How to Profile a Go Program with pprof

The server fans are screaming

You wrote a function. It passes the tests. It handles the edge cases. You deploy it to production and immediately the server CPU hits 100 percent. The fans spin up. The response times climb. You stare at the code and guess which loop is too slow. Guessing is how you waste days. Profiling is how you find the truth in seconds.

Go ships with a profiler built into the standard library. You do not need third-party tools to see where your program spends its time. The runtime/pprof package captures a snapshot of your program's activity, and the go tool pprof command turns that snapshot into a map of the hot spots.

Sampling, not tracing

Profiling in Go relies on sampling. The runtime does not record every single instruction your program executes. That would be tracing, and tracing adds too much overhead. Instead, the profiler pauses your program every few milliseconds, looks at the current call stack, and writes down what function is running.

Think of it like a security camera that takes a photo every ten seconds. If you see the same person in the frame every time, they are the one doing the work.
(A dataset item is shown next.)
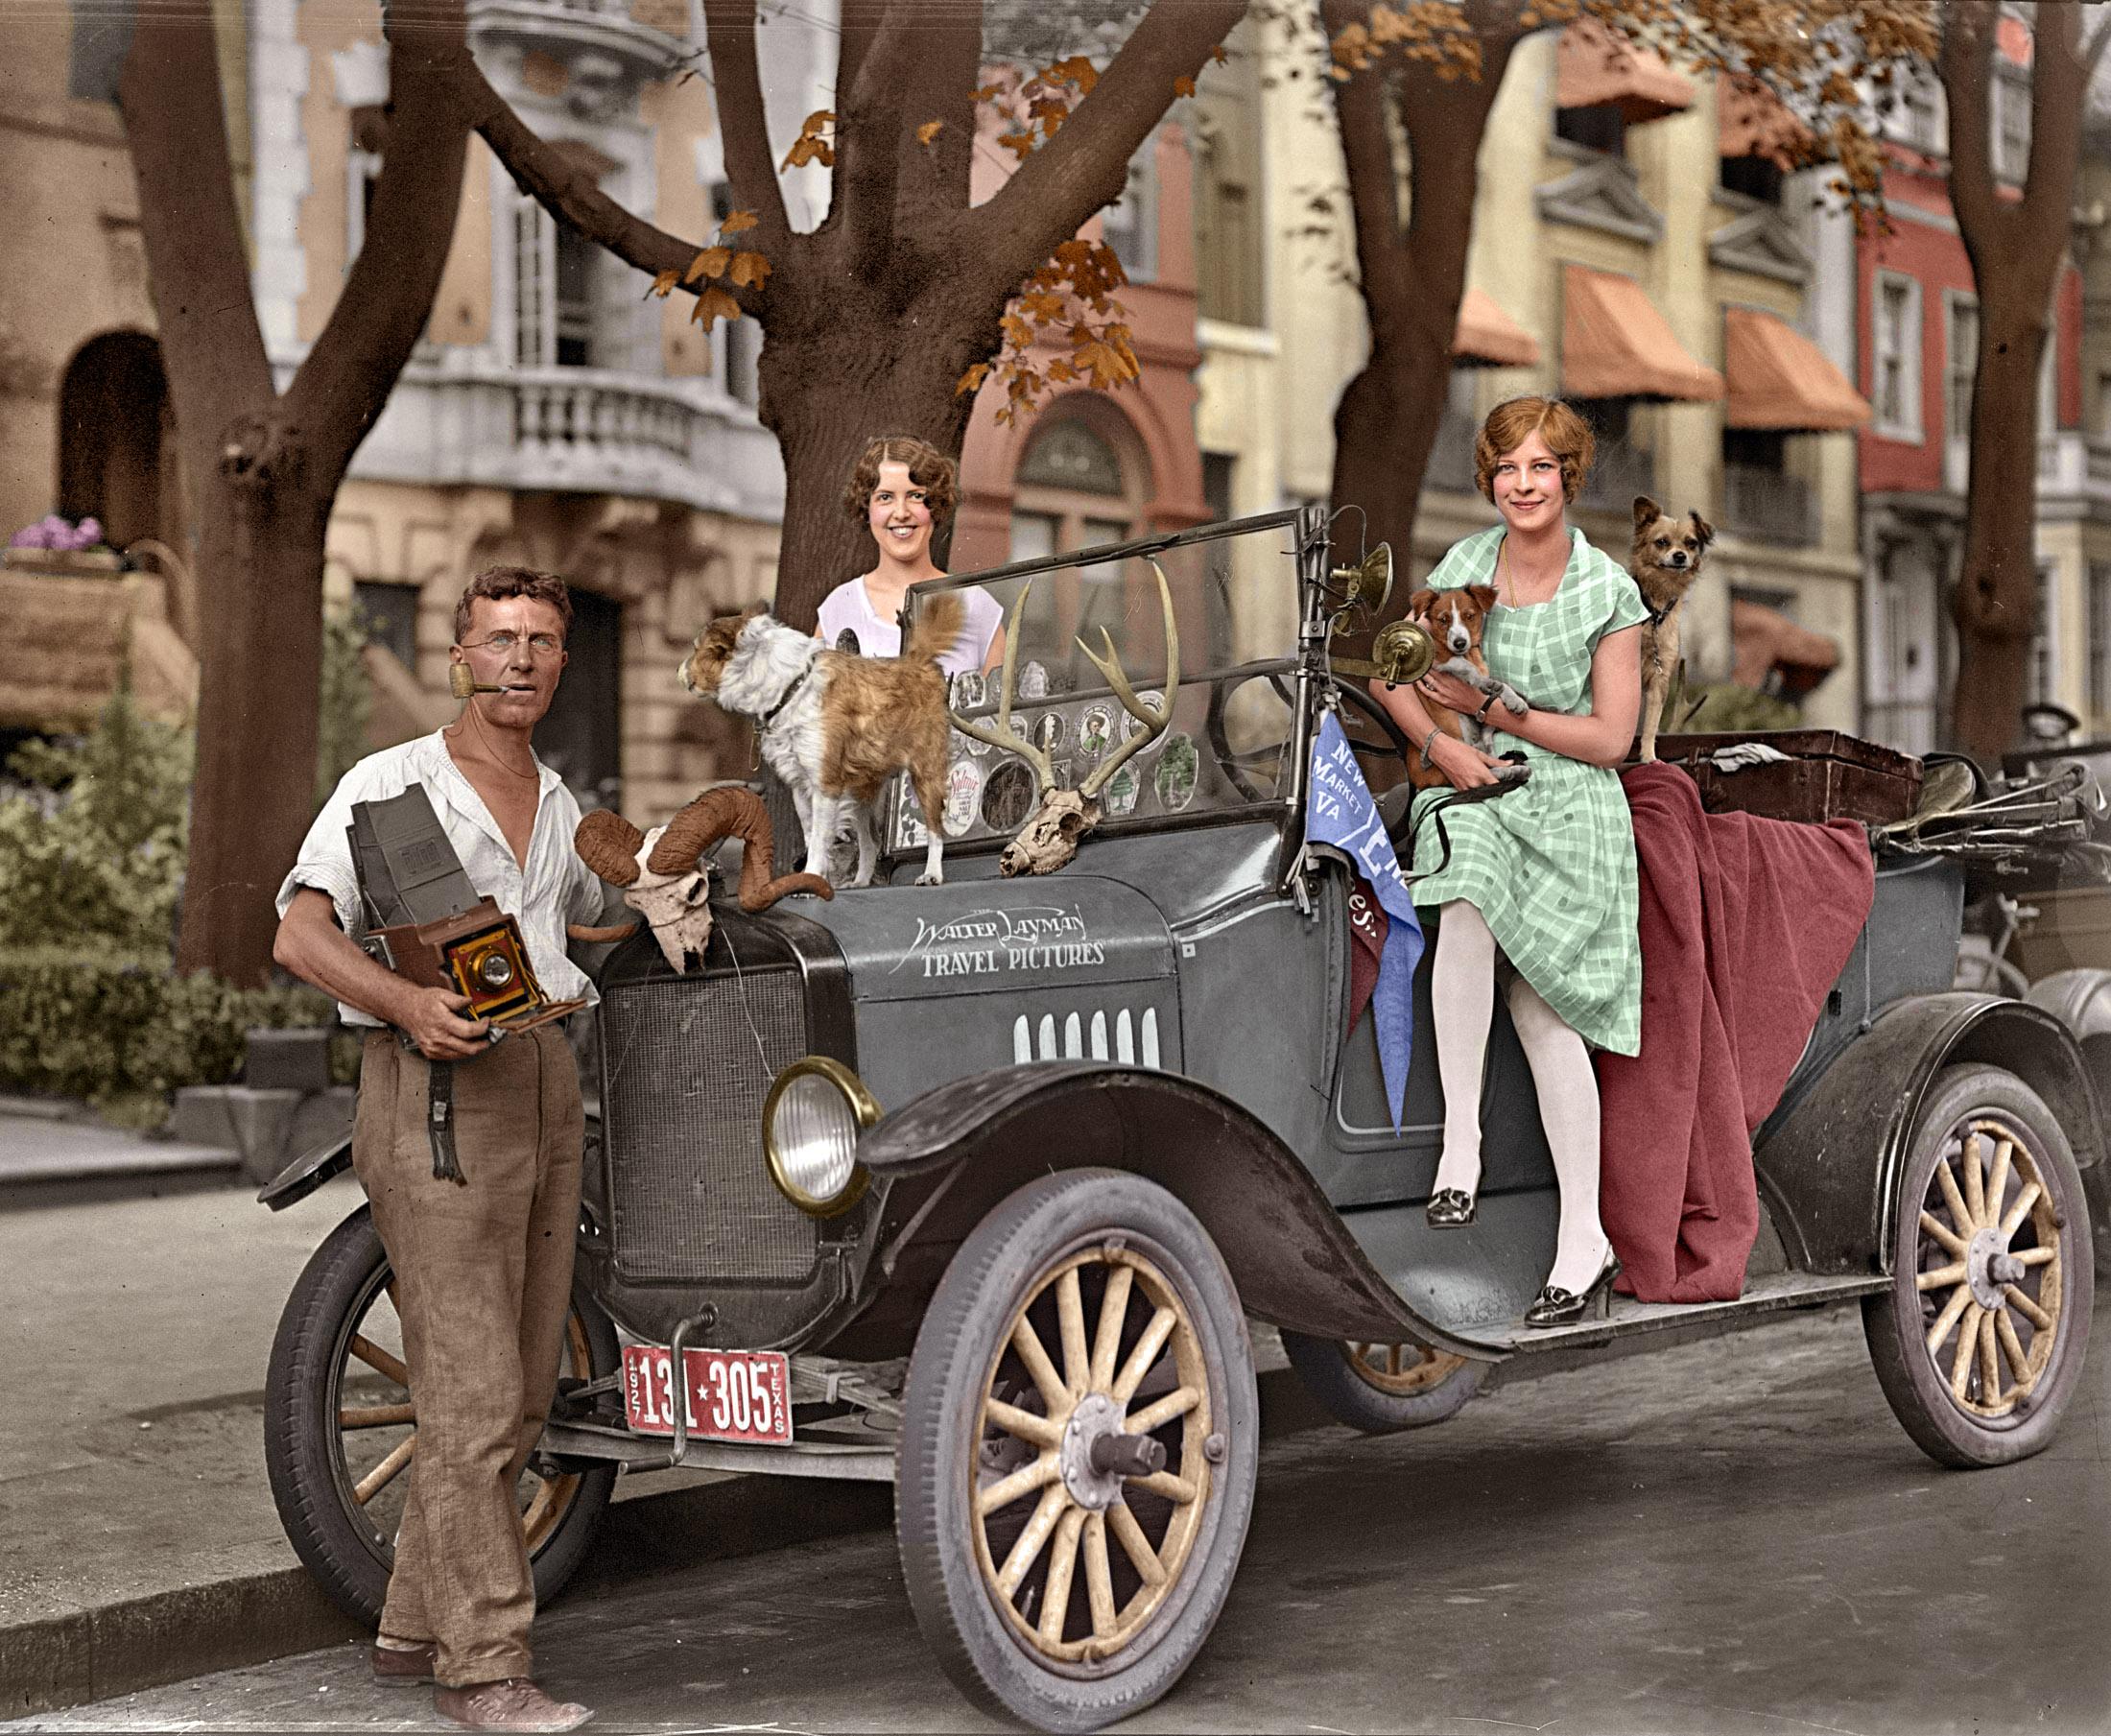 1927. Walter Layman, aki családjával és kutyájával beutazta az Államokat és az indián kultúrát fotózta. Utólag színezett kép..jpg

If you see a different person every time, the work is spread out. The profiler samples the CPU at a fixed frequency, usually 100 times per second. The functions that appear most often in the samples are the ones burning your CPU cycles.

This approach is fast enough to run on production systems with minimal impact. It gives you a statistical view of performance. You get enough data to find the bottleneck without slowing the program down to a crawl.

The bare minimum

Here's the simplest way to capture a CPU profile. You open a file, tell the runtime to start sampling, run your code, and then stop sampling.

package main

import (
	"os"
	"runtime/pprof"
)

func main() {
	// open file for writing the profile data
	f, err := os.Create("cpu.prof")
	if err != nil {
		panic(err)
	}
	// ensure file closes even if main panics
	defer f.Close()

	// tell the runtime to start sampling the stack
	if err := pprof.StartCPUProfile(f); err != nil {
		panic(err)
	}
	// stop sampling and flush the data to the file
	defer pprof.StopCPUProfile()

	// your code here
}

The os.Create call returns an error. The underscore discards the error in many quick scripts, but checking the error is safer. If the file fails to open, the profile never writes and you get no data. The defer statements ensure the file closes and the profiler stops even if your code panics. The runtime panics with panic: StartCPUProfile: ... if you call StartCPUProfile twice without stopping the first one. Always pair the start and stop calls.

Run the program. It produces a file named cpu.prof. This file is binary. You cannot read it with a text editor. You need the go tool pprof command to parse it.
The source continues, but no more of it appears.